= Swissnex =

Swiss education and research network

Swissnex is a network of education, research, innovation and art outposts aimed at connecting Switzerland with the world's innovation hubs. The network is managed by the State Secretariat for Education, Research and Innovation (SERI) in cooperation with the Federal Department of Foreign Affairs (FDFA). There are currently six main Swissnex branches: Boston (2000) and New York (2015), San Francisco (2003), Shanghai, China (2008), Bangalore, India (2011) and Rio de Janeiro, Brazil and São Paulo (2013), and Osaka, Japan (2023). One Swissnex office operated in Singapore from 2004 to 2015.

Since 2003, the network has relied on public and private funding (one third from the SERI and two thirds from other sources). Each Swissnex branch offers a variety of services to Swiss companies, academics, policy-makers, and others.

The SERI also maintains and develops a worldwide network of science and technology counselors sharing the Swissnex mission. Twelve science and technology counselors work at selected Swiss embassies.

==Swissnex in Boston and New York==
Swissnex in Boston, the network's first location, opened in 2000 to pioneer “science diplomacy" in Cambridge, Massachusetts. Situated strategically between the Massachusetts Institute of Technology and Harvard University, Swissnex in Boston and New York works closely with higher education institutions in both Switzerland and the Greater Northeastern US. The region, due to its highly dynamic startup ecosystem and leading role in biotech and biomedical research, is also fertile ground for Swissnex in Boston's startup programs.

In 2013, Swissnex in Boston and New York opened the New York Outpost in Manhattan. Since 2016, the office is actively involved in the planning of Swissnex mobile, as part of the Swiss Pavilion at the Expo 2017 in Kazakhstan.

In 2024, Swissnex in Boston and New York pioneered the Climate Ring during Climate Week NYC.

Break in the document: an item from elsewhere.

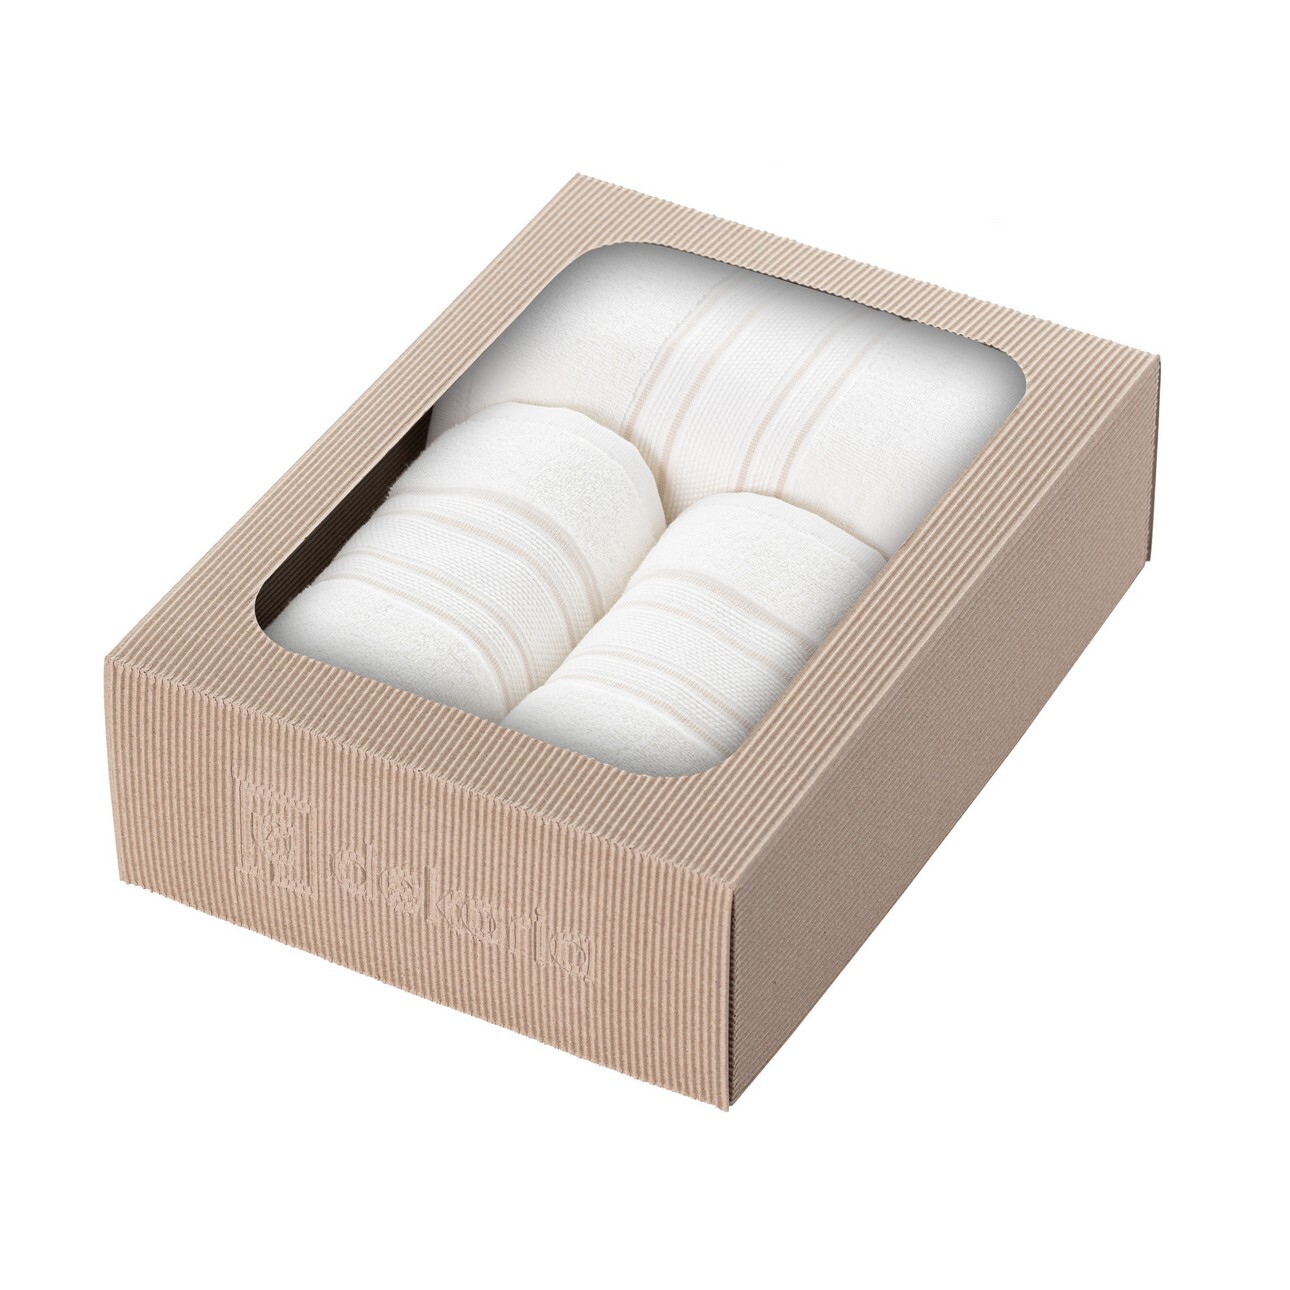 Handtuch-Set Gunnar 3 Stck. creamy white beige, 50 x 90 / 70 x 140 cm günstig online kaufen

== Swissnex in San Francisco ==
Swissnex in San Francisco is located at pier 17. Services offered by Swissnex in San Francisco include public events, study tours, startup coaching, innovation consulting, press outreach, social media training, university affairs, alumni networking, workspace, and more. Swissnex in San Francisco hosts the three-month CTI Start-up US Market Entry Camp for Swiss startups, and worked on a two-year social media program for all Swiss institutions of higher education, now called the Digital Campus. Public events organized by Swissnex in San Francisco cover topics from augmented reality to astronomy to innovative design. It also maintains a blog called nextrends that reports news and insights from the American West in the fields of science, education, innovation.

== Swissnex in China ==
Swissnex in China, the Science Consulate of Switzerland in China, was founded in 2008 and is located in the heart of Shanghai. Working together with the Science, Education and Technology Section at the Embassy of Switzerland in China and Consulates-General in Chengdu, Guangzhou, Hong Kong and Shanghai, Swissnex in China connects the dots between Switzerland and China in science, research, education and innovation. The main goal of Swissnex in China is to establish a network of cooperation between Swiss and Chinese academics and researchers, serving as a base for bottom-up initiatives, as well as to help Swiss startups to prepare their first step in China, to discover the market, to meet professional coaches and to connect with local experts. Public events organized by Swissnex in China cover the future of work, AI, circular economy, quantum computing, fintech, sustainable design, and more.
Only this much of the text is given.